Other than a blogger friend, I really have no one to talk to about this kind of stuff. But I am just not in the mood for talking right now. Today is my sister’s birthday and I am supposed to go to her party in about four hours from now. I really don’t feel like it. I just want to stay in my warm bed and hide under the covers. I forgot to get her a birthday card but then I think that birthday cards are stupid. All anyone cares about is what is inside. They don’t care what the card says. And they are more expensive now than they were in the past. Some as much as four fricken dollars? For something someone glances at and then junks? Seems ridiculous to me and a waste of money.

I have eaten only small meals today. I am starting to get hungry but I don’t feel like eating. I hate that. I just don’t know what I want. I kind of want Pad Thai but I think I will get that Monday when I see my pdoc as the restaurant is around the corner and it is a late appointment. Even if I wanted to go into the hospital I can’t. Not until I see my PCP for my monthly pain check visit. He is another one that wants me to call him if I feel like acting on something. What is he really going to do I have no clue. Not like I am really going to call him anyways. I have a crazy, lunatic therapist and my pdoc to call first.

issues of control and books

I finally got Andrew Solomon’s new book Far From The Tree today and as expected, it is big! I am glad I got the hardcover and not the paperback because I know I probably would have wrecked the spine. I don’t know when I am going to start reading it. My reading concentration has been nil since finishing Team of Rivals. I have been trying to get into a Harry Potter book but even that seems overwhelming to me and I love reading Harry Potter. Chock it up to the depression being lousy. I still have at least three other book that I have not read but are on my list. One is a book about the American Revolution, a Civil War battles book, and another book on Lincoln. Can you tell I love history?? I also have others that I won’t mention because they will cover the whole spectrum of things. I always seem to buy books, a lot, in a short period of time and then when it comes time to reading them, I can’t decide which one to choose. And I have to say there are at least two books on my Kindle that are not read yet. I am an avid reader. I still have not finished re-reading Noonday Demon, though at this present time, I don’t know where it is. I know it is in one of my many bags.

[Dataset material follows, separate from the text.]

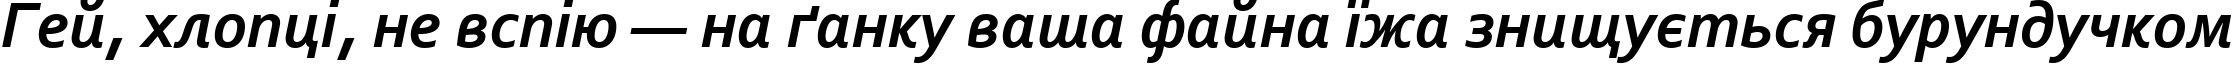 Пример написания шрифтом Corbel Bold Italic текста на украинском

I still have a clinical book, cognitive therapy for suicide behavior, that I have not finished. I will have to read that over because I forgot where I left off. If I start reading a book and leave it off in the middle for a long time, in this case more than a year, I usually start from the beginning just to refresh the old noodle.

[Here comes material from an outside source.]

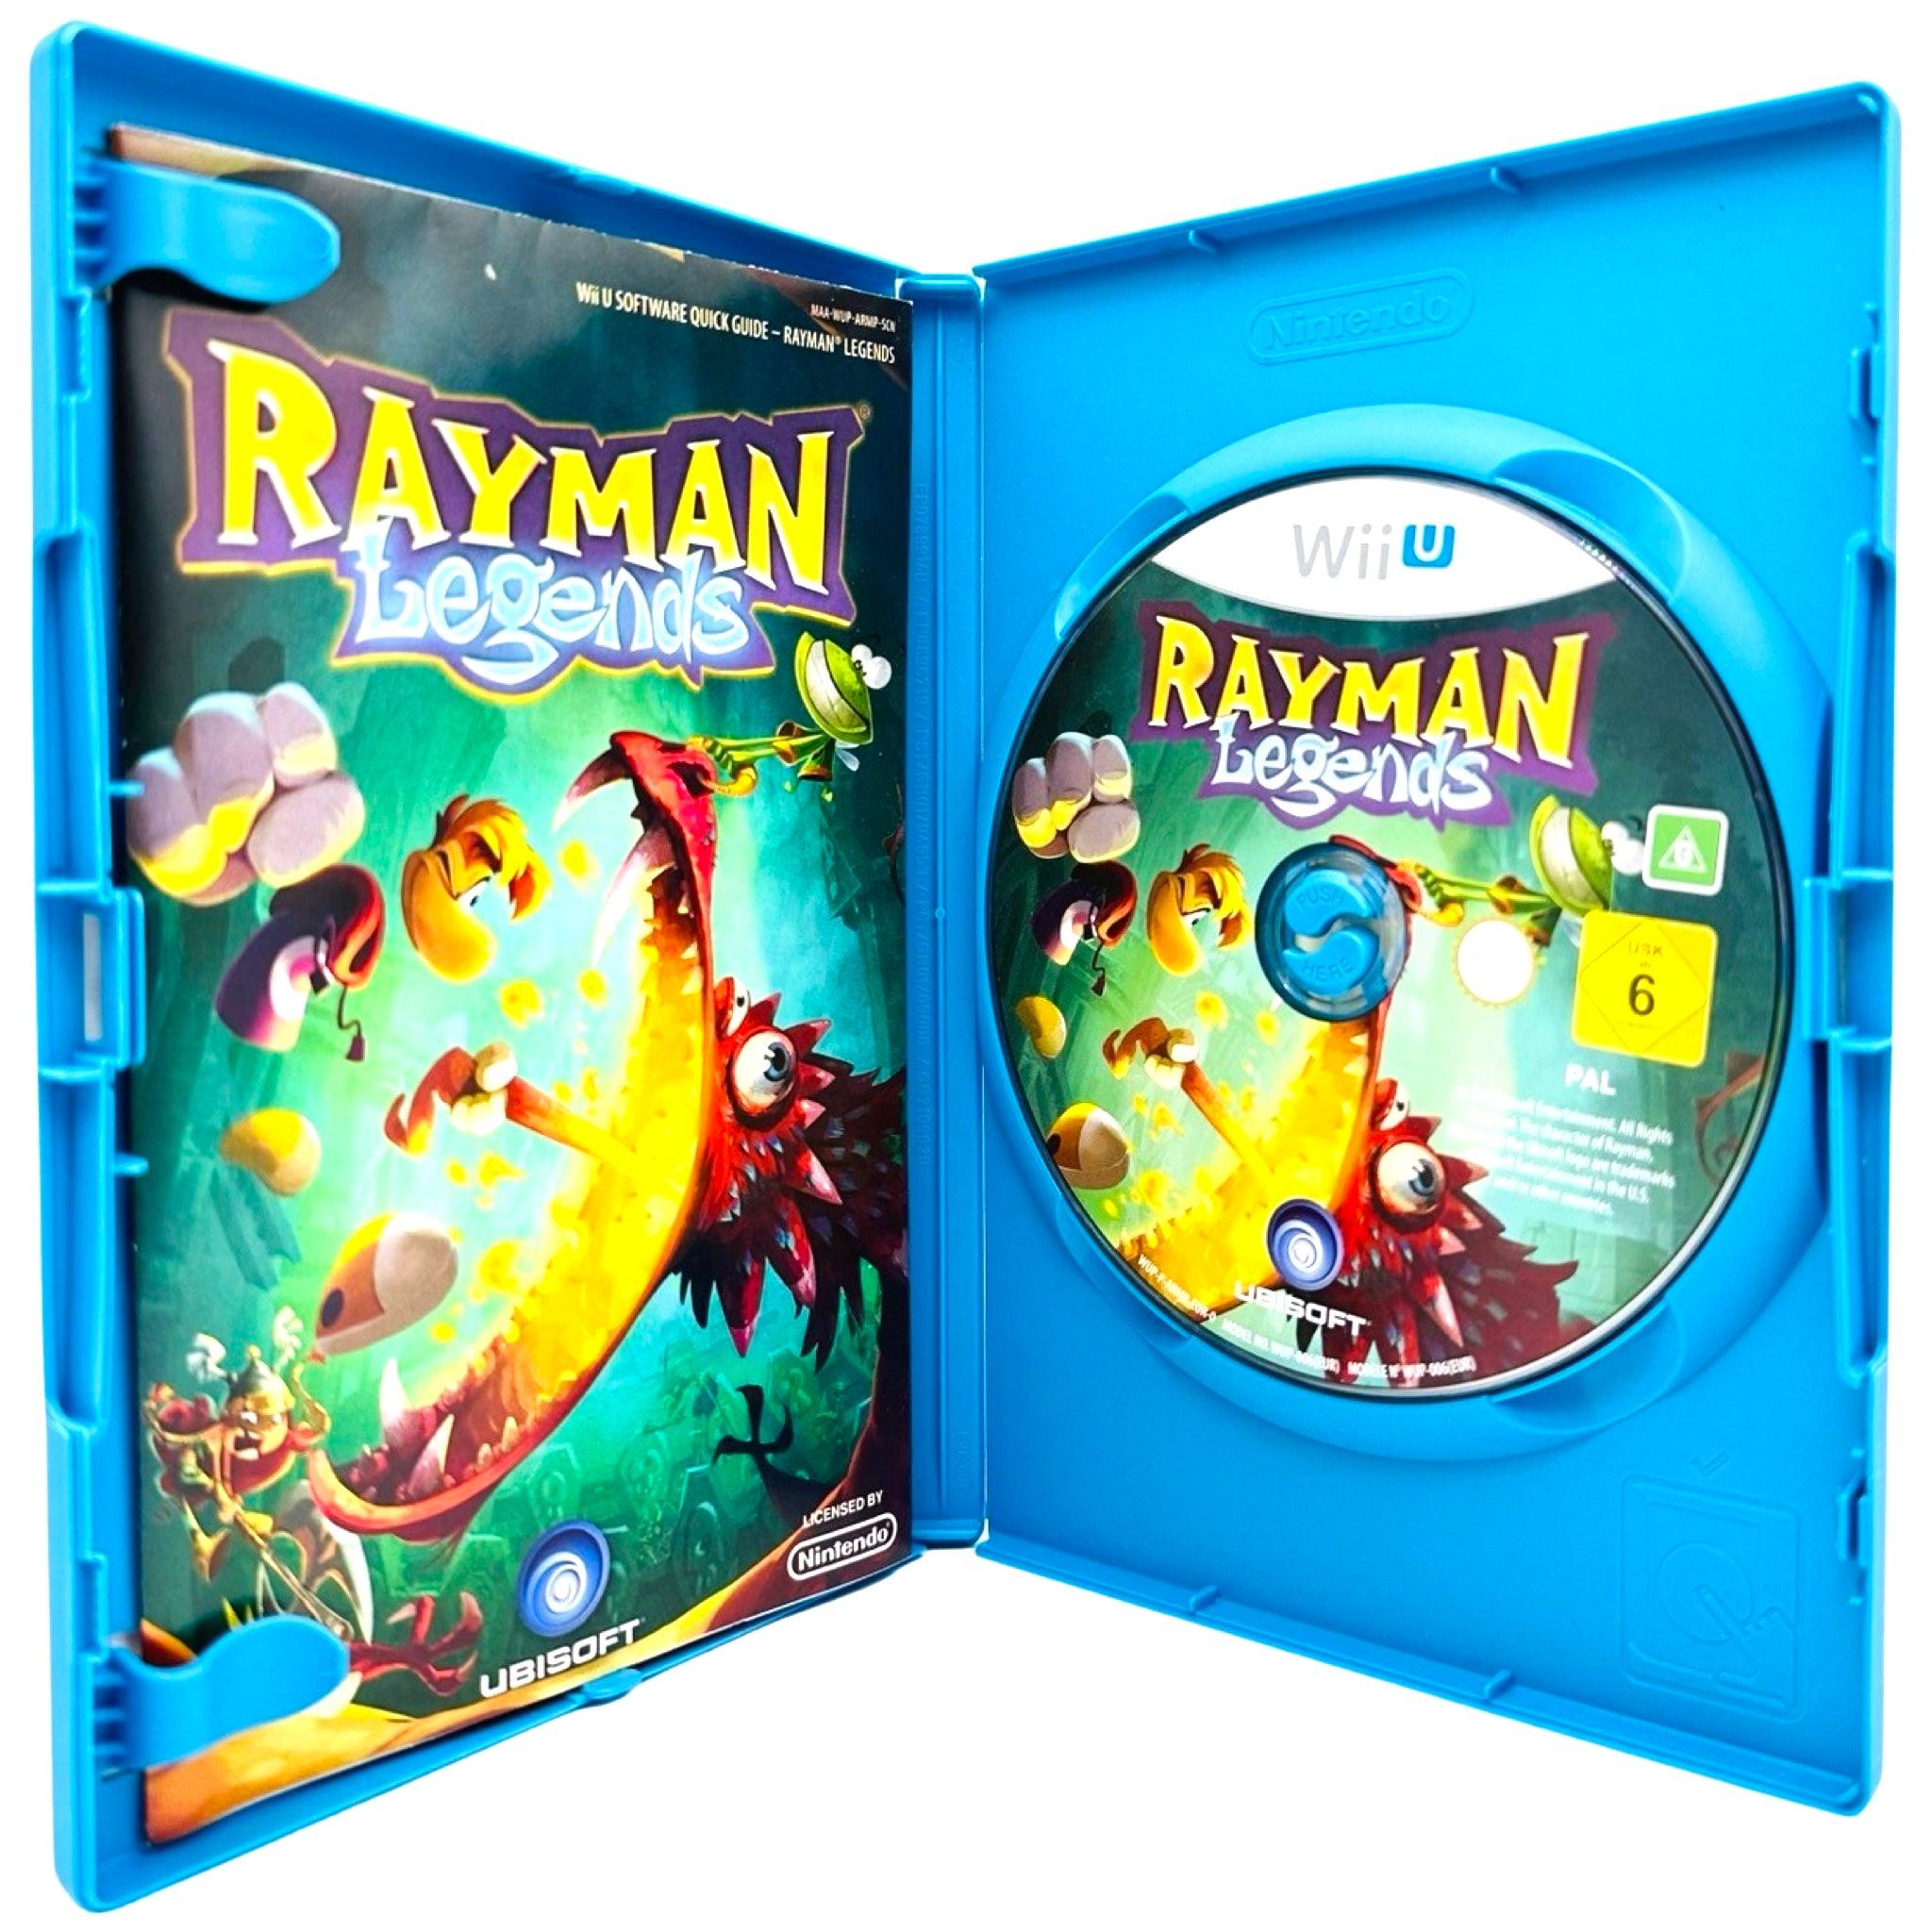 Wii U: Rayman Legends - RetroGaming.no

I am having a slow day today. I just woke up from a nap and was hoping the mail came so I can have my World Series Baseball cap but looks like just the bulk mail got delivered. Dammit! I have decided that in order for me to cut my hair short again, I have to lose at least five pounds in the next two weeks. Which is going to be difficult because I love Thanksgiving and my mother is making the turkey and desserts. So much delicious food. Will I have the will power to stop myself from overeating?? Probably not which is why I am starting the diet today so I can indulge a little bit next week. But for right now I have to stay away from my mother’s chocolate chip cookies. They are my true weakness.

A friend of mine asked me to be part of a research study and it had a follow up interview as part of the thing. I should have said no and went on my way but I like taking parts in interviews. This one is about suicide attempt survivor and some family related stuff, which I don’t think it going to be useful to her because my family knows of three possible attempts and not the many. It is going to be tough and I am not sure I can do this. But then I always think of the worse and it never ends up being that way.

I have set my goal for the rest of the month. If I can get to page 100 I will get myself Starbucks coffee for home use. This way I don’t have to worry about going out for coffee on those days that I need to stay home. I just have to make sure I have half/half. I am thinking about making coffee now so I will stop here to have my fix.